Postby Condottiere » Sat Sep 22, 2018 4:54 am

Atomic Radio will be with us soon: Nick Farrell

Image

Will still only play Taylor Swift and other junk

Boffins are close to shaking up wi-fi and broadcasting with the development of atomic radio thanks to the development of a new type of antenna capable of receiving signals across a much wider range of frequencies (more than four octaves) that is highly resistant to electromagnetic interference.

Antennas are typically a collection of metal rods that pick up passing radio waves and convert their energy into an electrical current, which is then amplified. According to David Anderson of Rydberg Technologies, those antennae are wavelength-dependent, so their size depends on whatever wavelength of signal they are trying to measure - they need to be about half the size of whatever wavelength they are designed to receive. That means you need antennae of several different sizes to measure different radio frequencies.
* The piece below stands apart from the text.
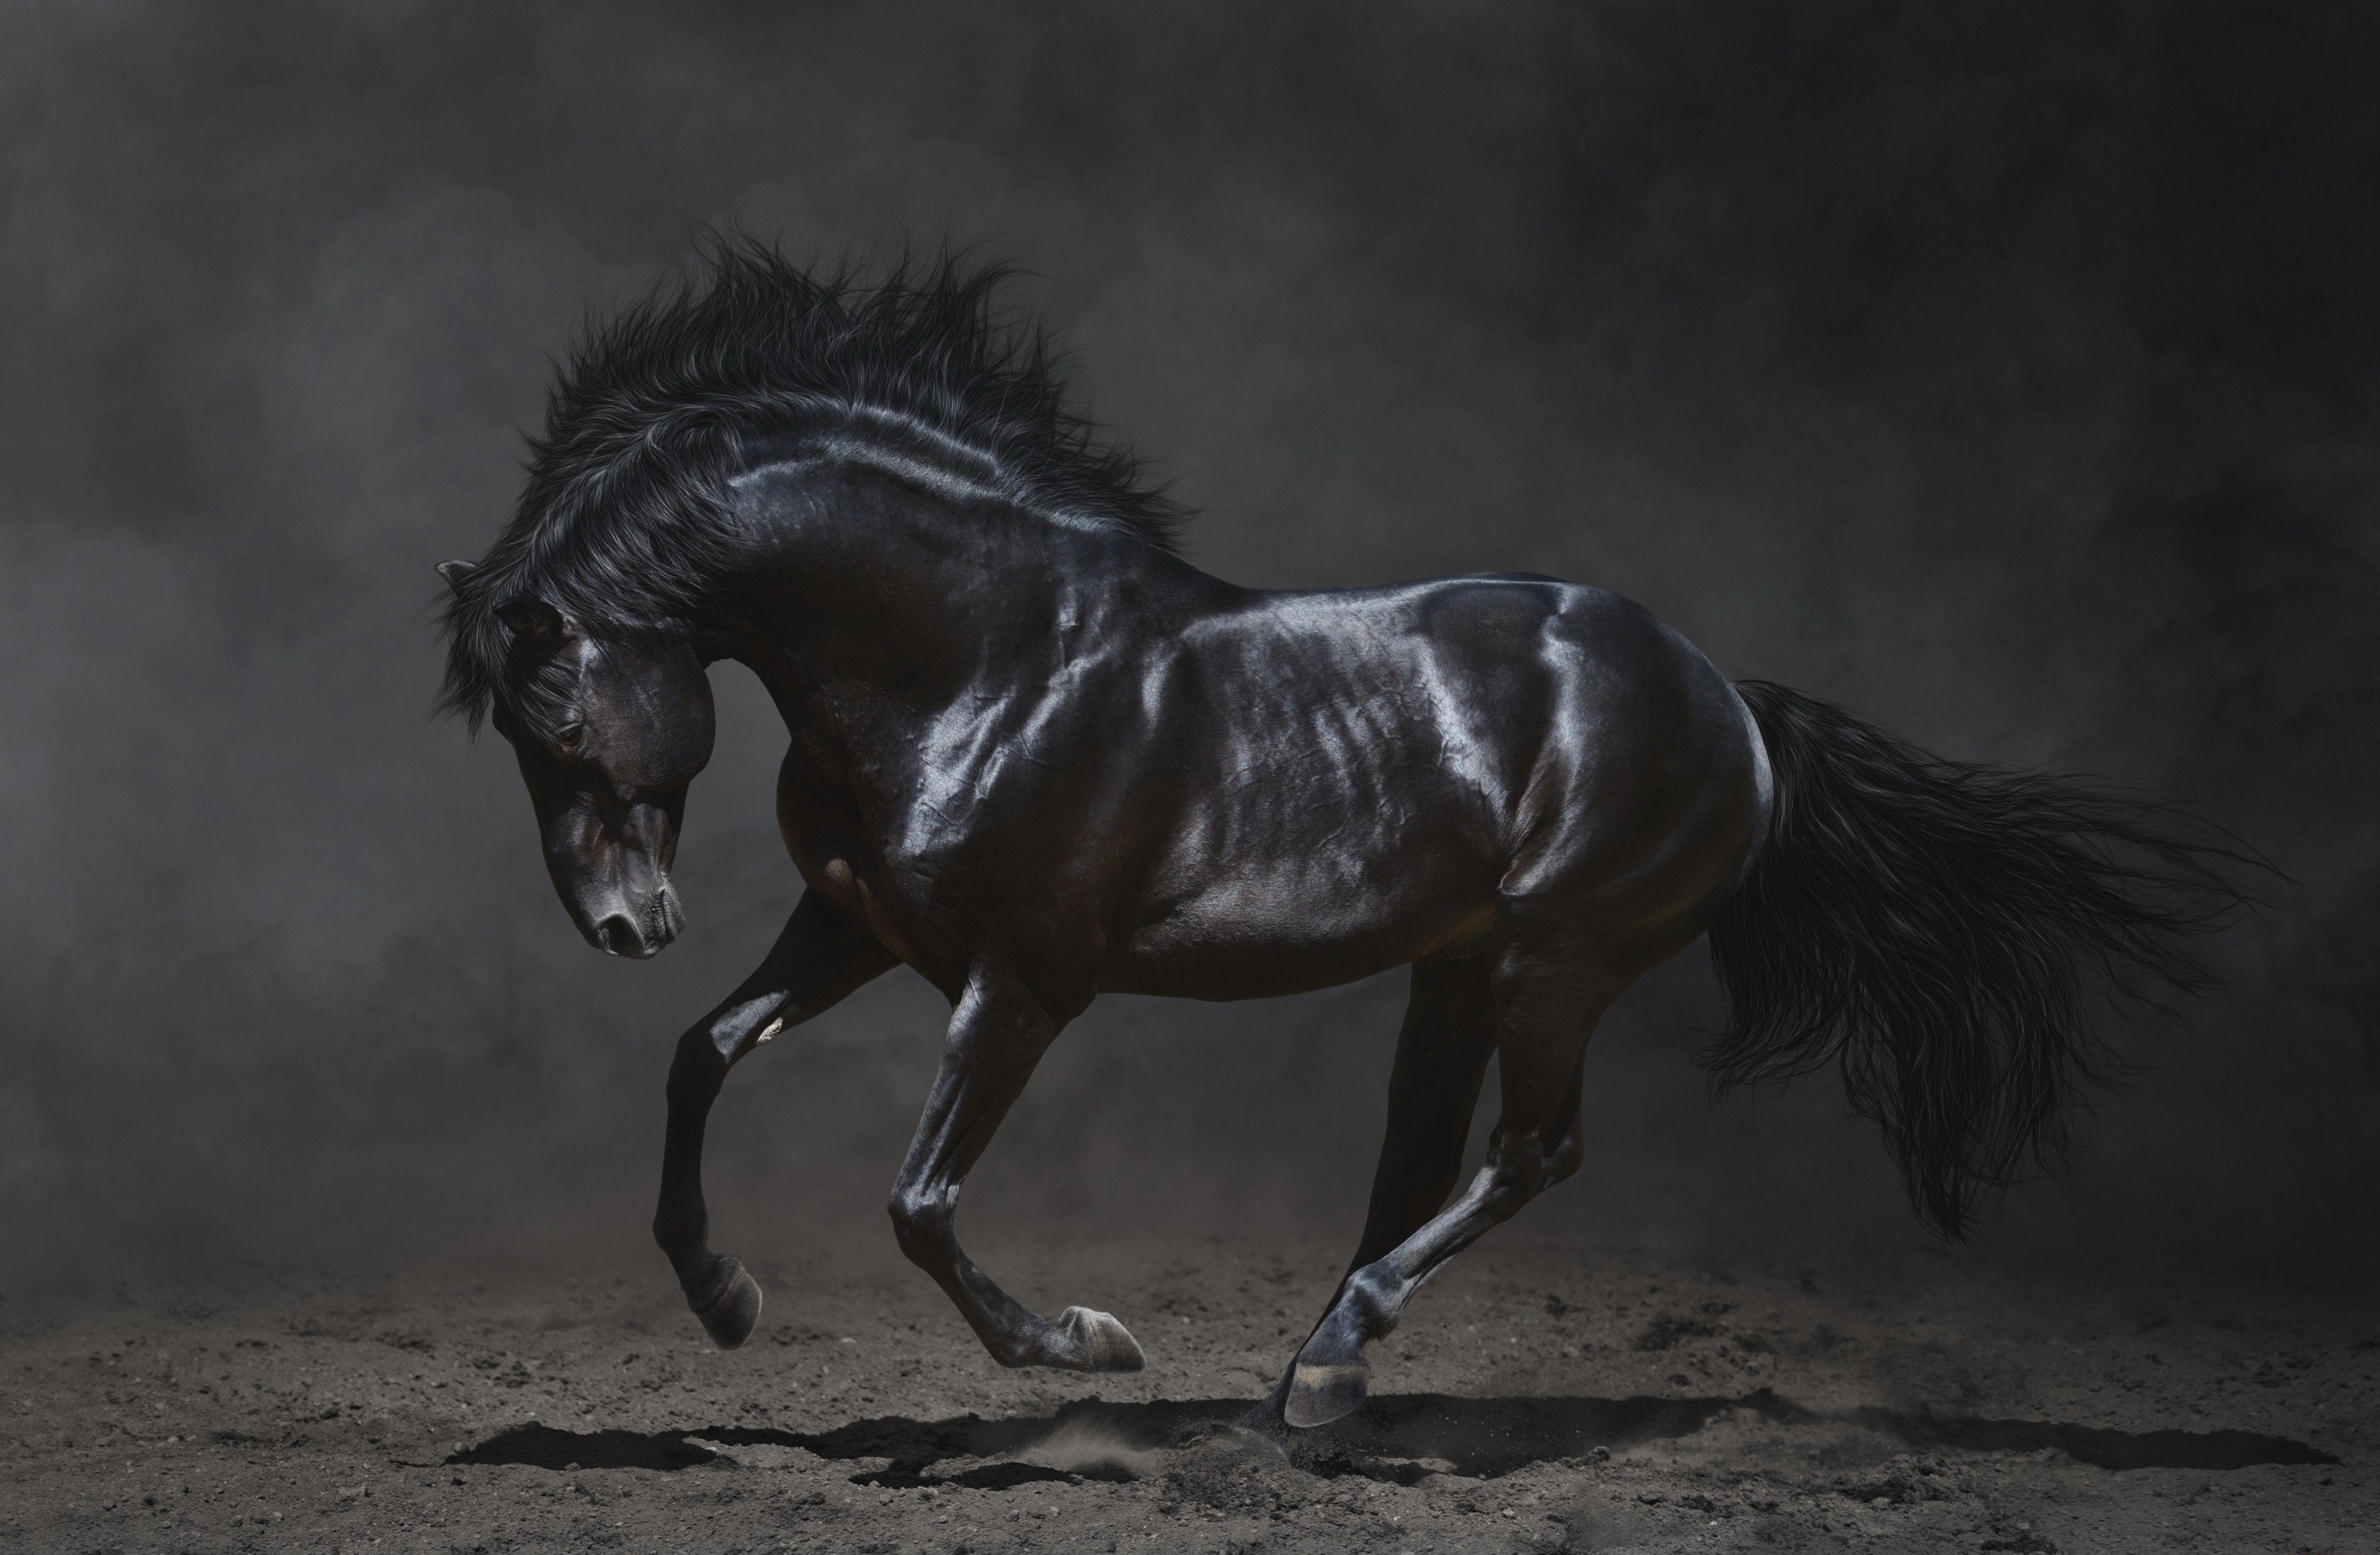 Black Horse Wallpapers - Wallpaper Cave - photo#3

According to Technology Review Anderson has penned a new paper which suggests a novel alternative to conventional antennae, based on vapourcells filled with a gas of so-called "Rydberg atoms." That just means the atoms are in an especially excited state, well above their ground (lowest-energy) state.

This makes them especially sensitive to passing electric fields, like the alternating fields of radio waves. All you need is a means of detecting those interactions to turn them into quantum sensors.

"You can design the receiver to operate at whatever frequencies you want and avoid intentional electromagnetic interference much more easily."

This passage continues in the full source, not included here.